Сняв трубку, он выслушал рассказ Марти Голдена о решении отправить «Только ради денег» на Венецианский фестиваль и его поздравления.

— Спасибо, Марти, — ответил Клайнсингер. — Для меня это большая честь. Правда. Спасибо, что позвонил.

Он повесил трубку. Джим снова вытащил телефонную вилку из розетки и унес телефон. Клайнсингер подождал, пока за ним закроется дверь, и снова взял яичко. Он раскрыл его, взглянул на лежащую внутри таблетку цианистого калия, потом крепко закрыл яичко и положил обратно в гнездо.

* * *

Для Фредди Гринделла в Риме эта новость имела совершенно противоположный смысл: это была не отсрочка приговора, а увеличение срока наказания. Он уже написал письмо, положил его в конверт и запечатал. Но не отправил. И копия письма была постоянно при нем. Он вытаскивал и разглядывал ее, потом клал обратно во внутренний карман пиджака, но через десять минут опять вытаскивал, разворачивал и читал. И так продолжалось уже два дня.

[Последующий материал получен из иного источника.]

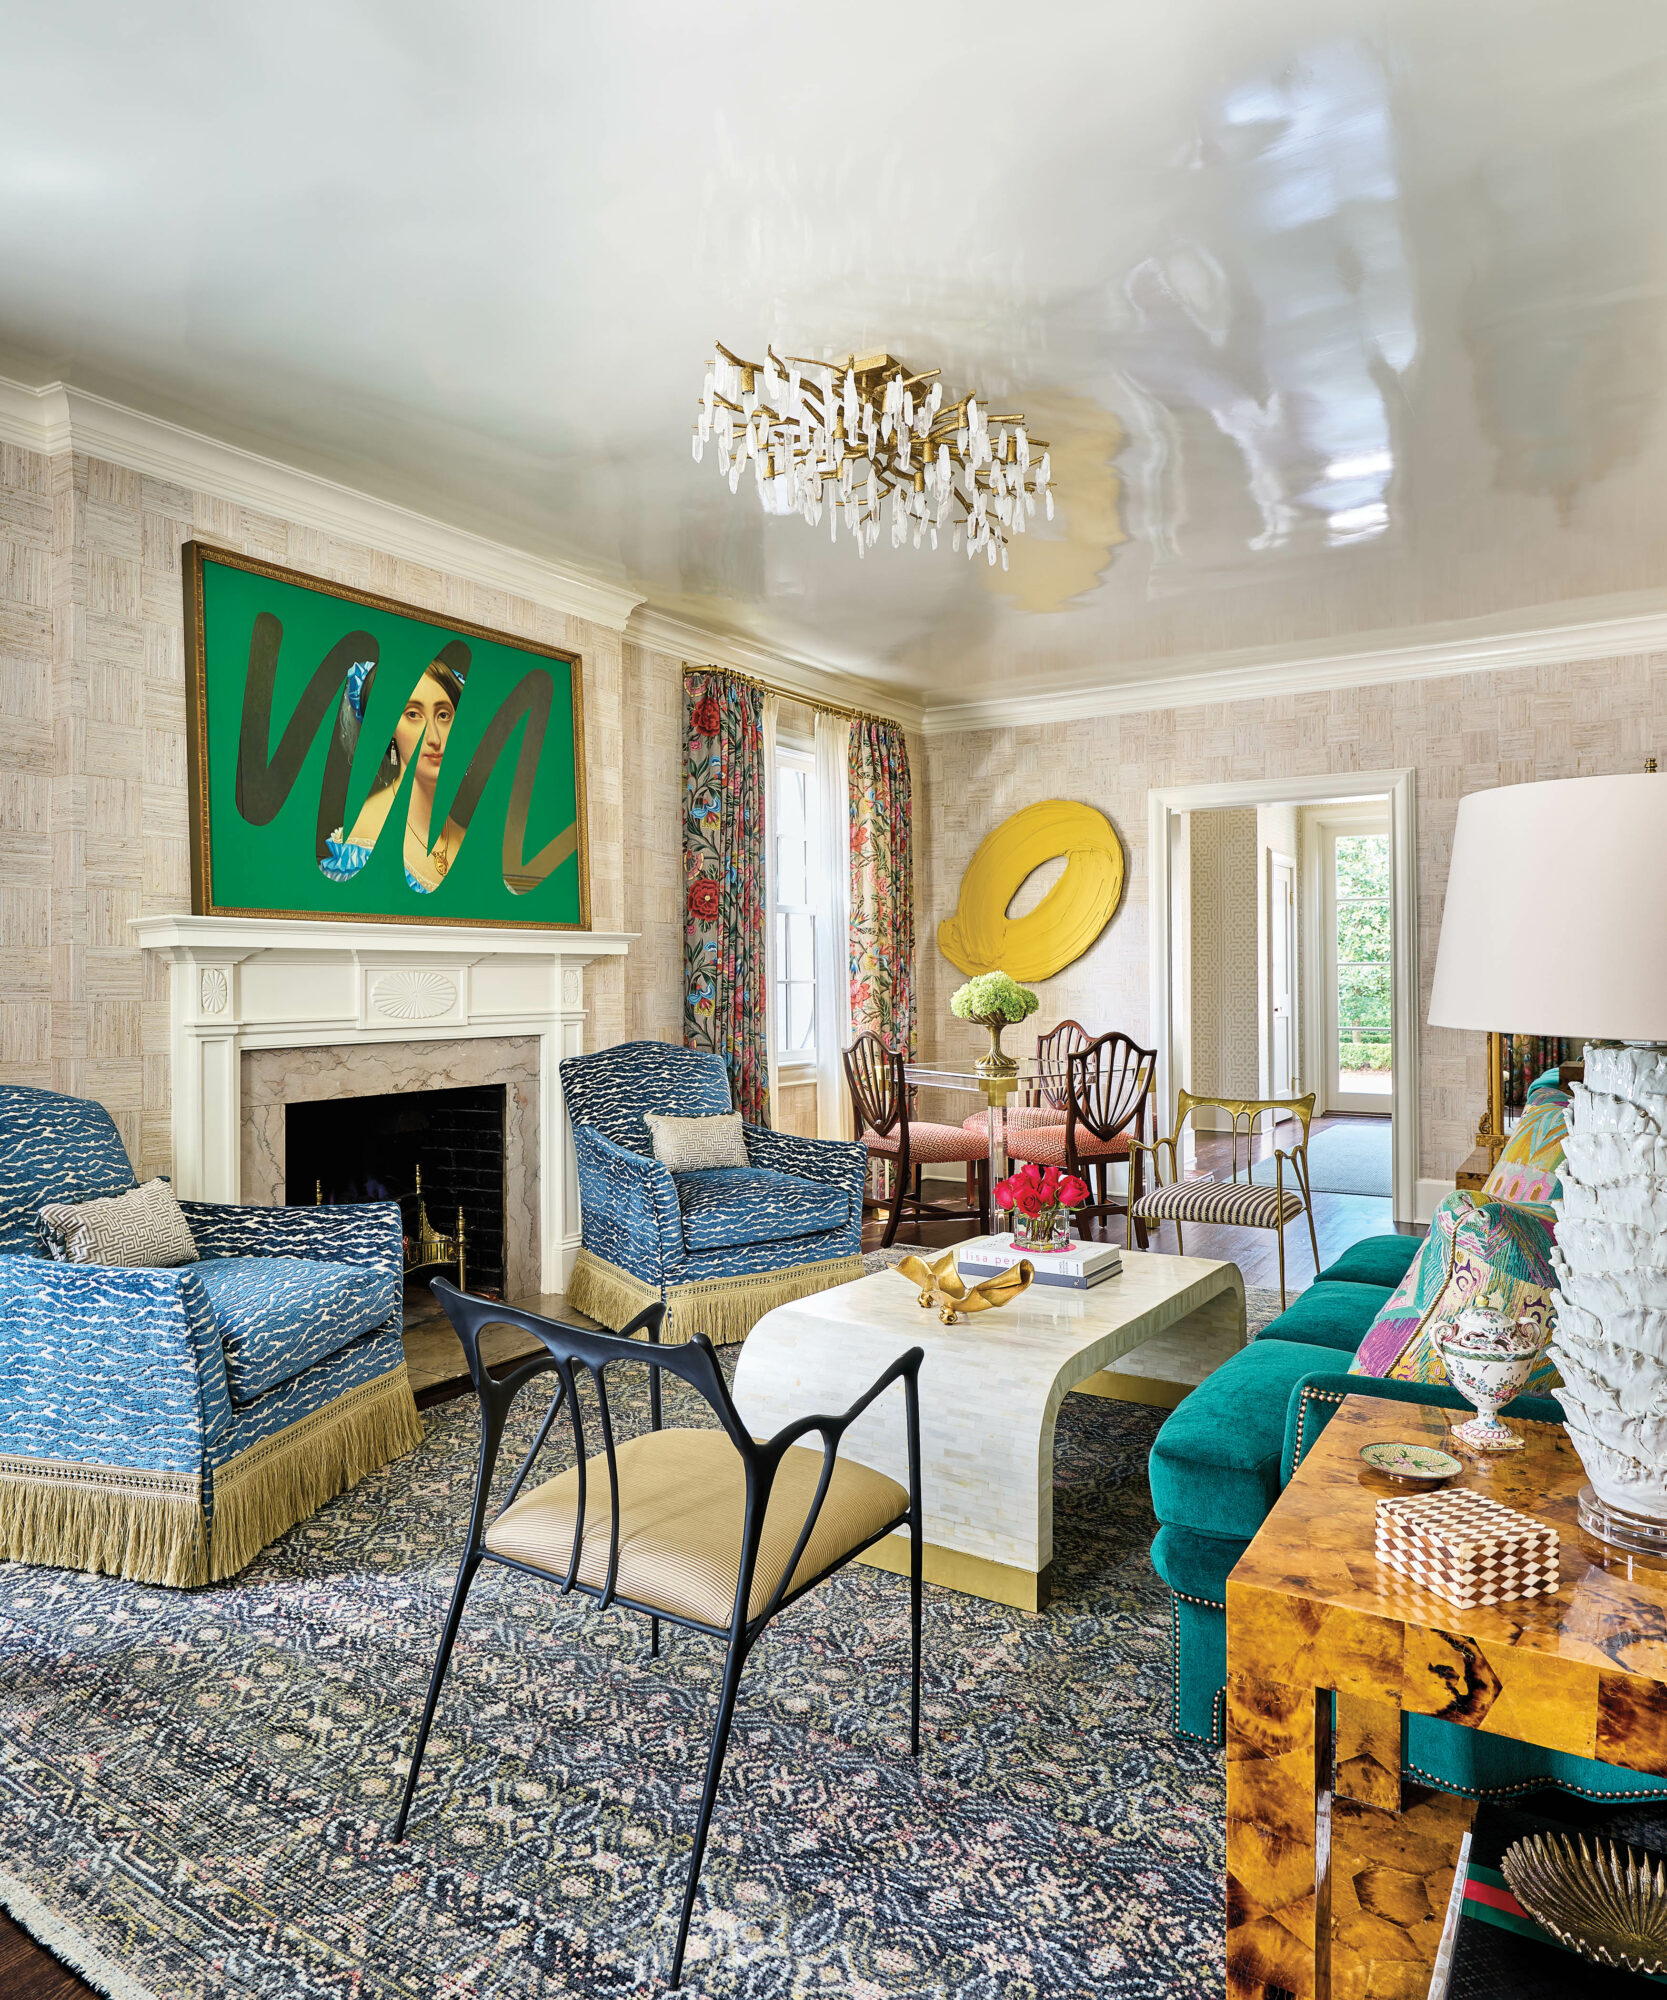 Eclectic Spaces Put A Twist On Tradition In This Charlotte Abode

Он сидел за письменным столом и разглядывал ее, когда вошел секретарь и передал ему телеграмму. Он отложил письмо и пробежал телеграмму глазами, а потом смял се. Он уже размахнулся, собравшись забросить скомканную телеграмму в корзину для бумаг, но передумал, положил се на стол и расправил.

И опять перечитал написанное:


«Селестиэл пикчерз»

Рим, Италия 14 июля 1959 года М-р Мартин Б. Голден Исполнительный директор «Селестиэл пикчерз»

Голливуд. Калифорния, США.

Уважаемый мистер Голден!

В течение семнадцати лет я верой и правдой работал на «Селестиэл пикчерз». Срок моей службы не позволяет мне требовать для себя каких-либо привилегий, однако, на мой взгляд, дает мне право изложить причины моей отставки.

Во время недавнего приезда вашего сына Мартина Б. Голдена-I младшего, имевшего целью ознакомиться с работой европейского отделения студии «Селсстиэл пикчерз», мне пришлось сопровождать его в Риме. Я был счастлив оказать ему все необходимые услуги.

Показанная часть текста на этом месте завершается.